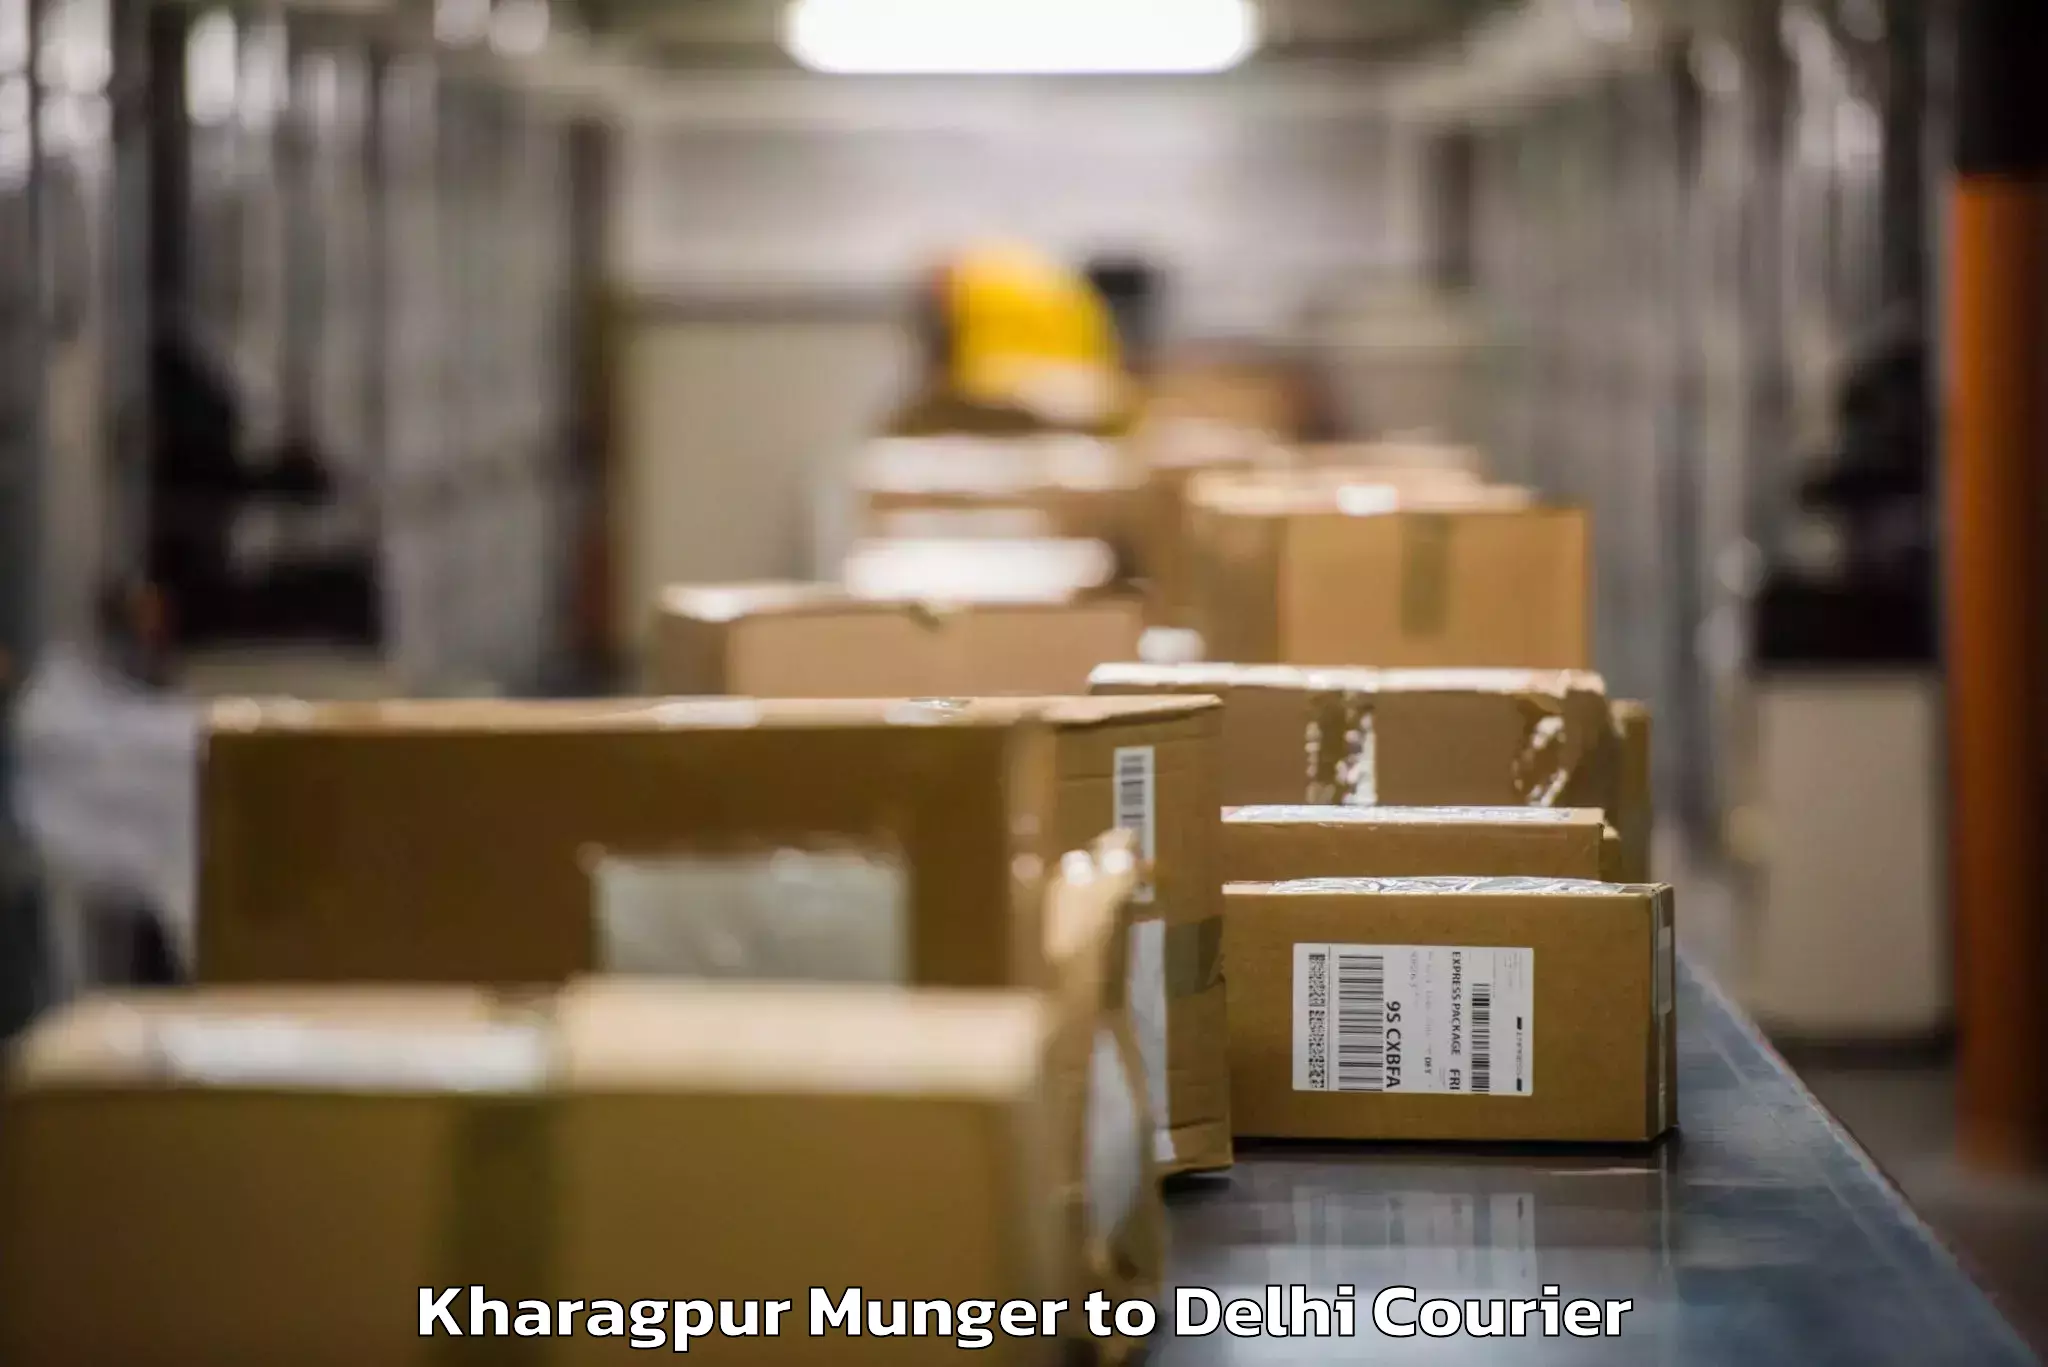 Baggage shipping quotes Kharagpur Munger to Delhi
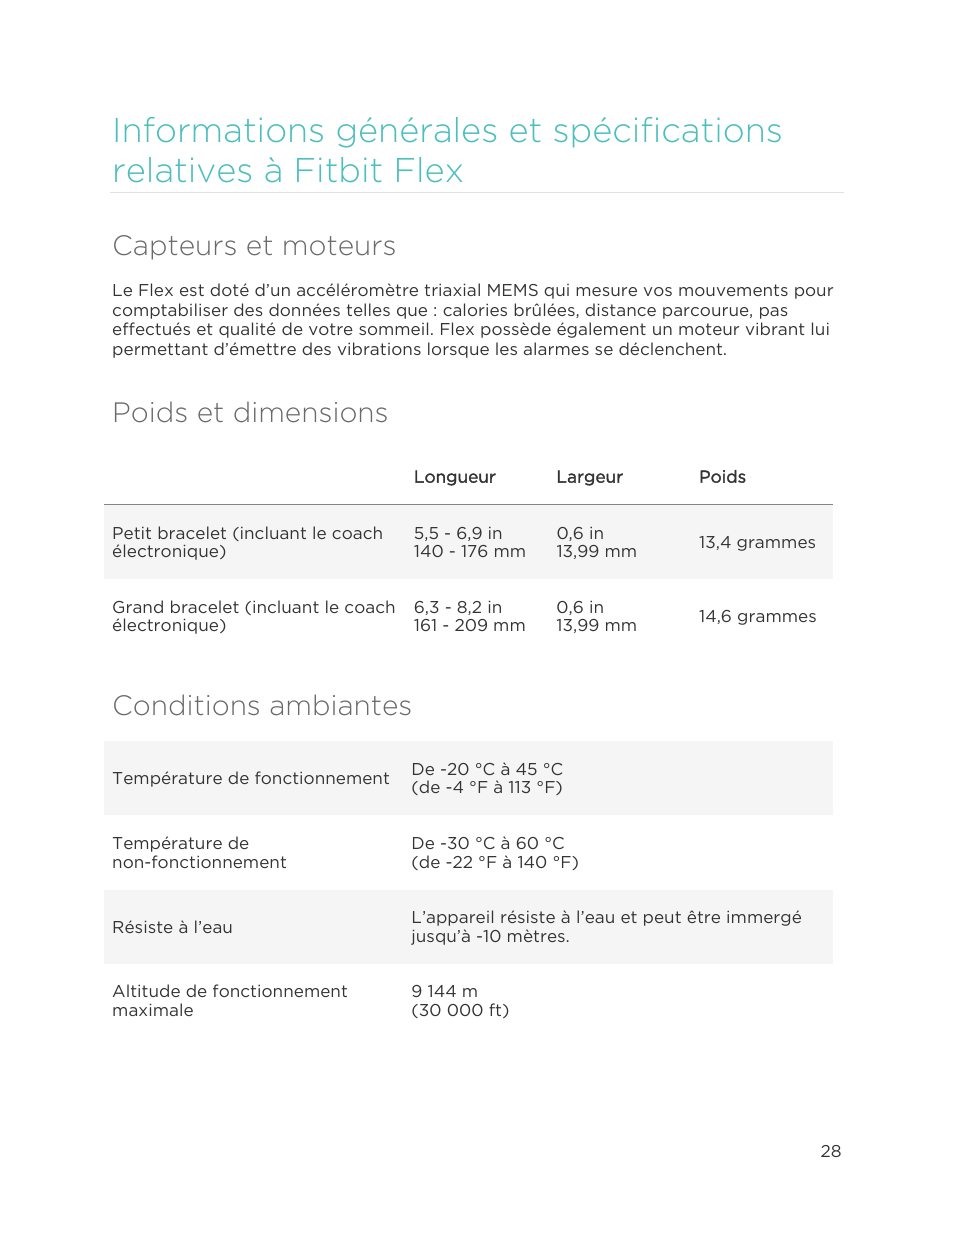 Capteurs et moteurs, Poids et dimensions, Conditions ambiantes | Fitbit Flex Manuel d'utilisation | Page 33 / 40
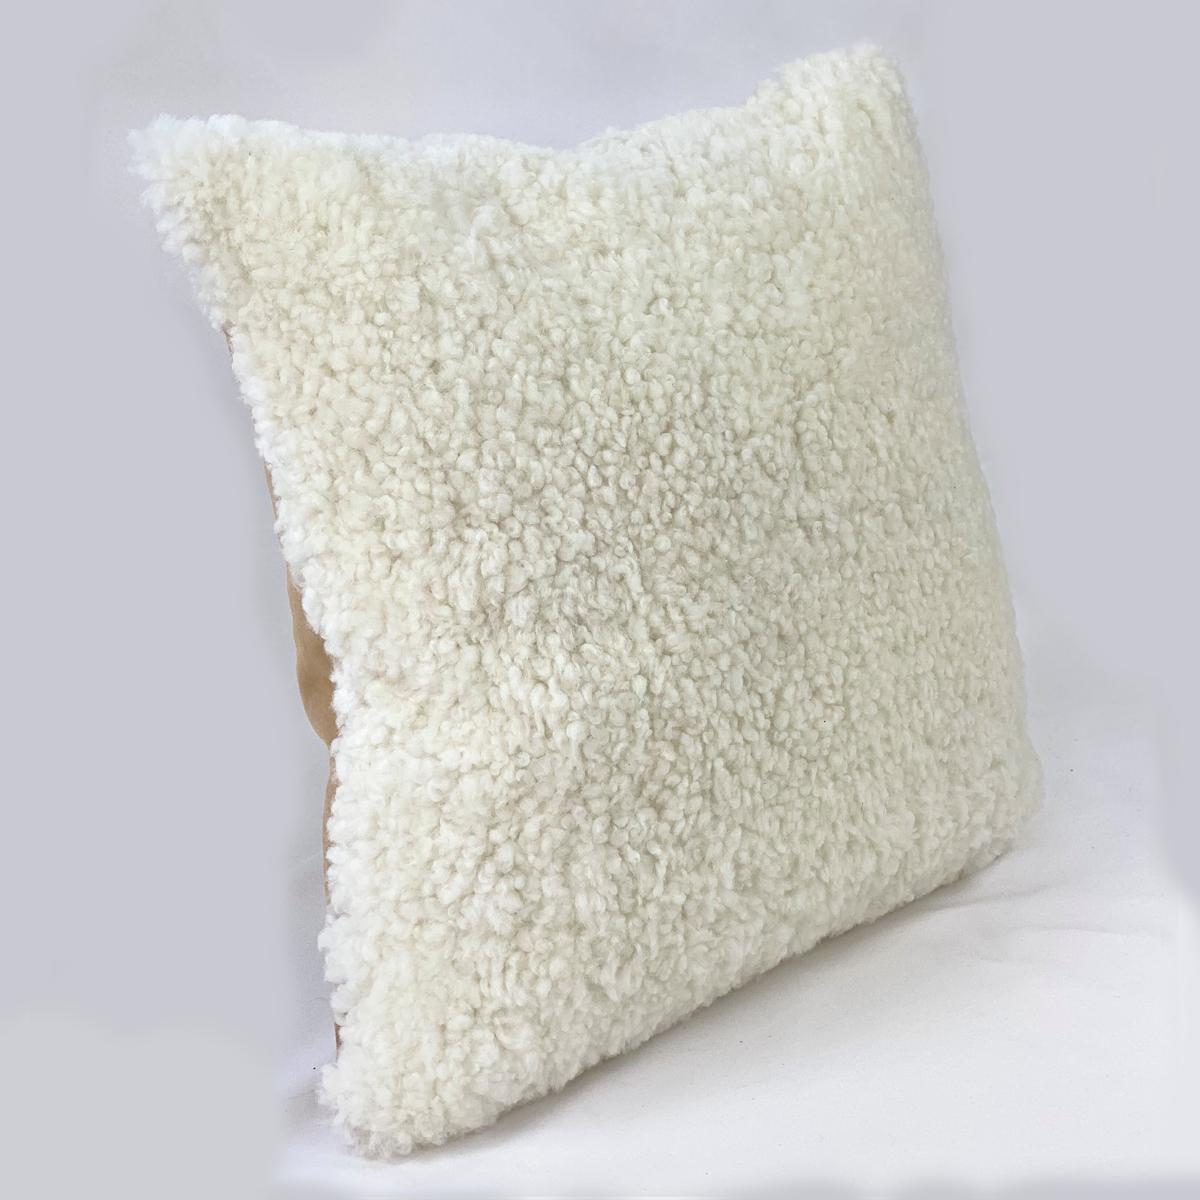 Verleihen Sie Ihrem Interieur einen erfrischenden Touch mit diesem weißen Shearling-Schafsfell-Kissen. Die Schafwolle hat einen lockigen, kurzen Wollflor, der dem Raum eine einladende und charmante Struktur verleiht. Dieses Shearling-Kissen aus der

========

*EXERCISE REQUIREMENTS*:
The exact lines from the one containing "Capteurs et moteurs, Poids" through the end of the data are to be copied, with both ends kept and pictures left out.

*OUTPUT FOR THIS EXERCISE*:
 Capteurs et moteurs, Poids et dimensions, Conditions ambiantes | Fitbit Flex Manuel d'utilisation | Page 33 / 40
 Verleihen Sie Ihrem Interieur einen erfrischenden Touch mit diesem weißen Shearling-Schafsfell-Kissen. Die Schafwolle hat einen lockigen, kurzen Wollflor, der dem Raum eine einladende und charmante Struktur verleiht. Dieses Shearling-Kissen aus der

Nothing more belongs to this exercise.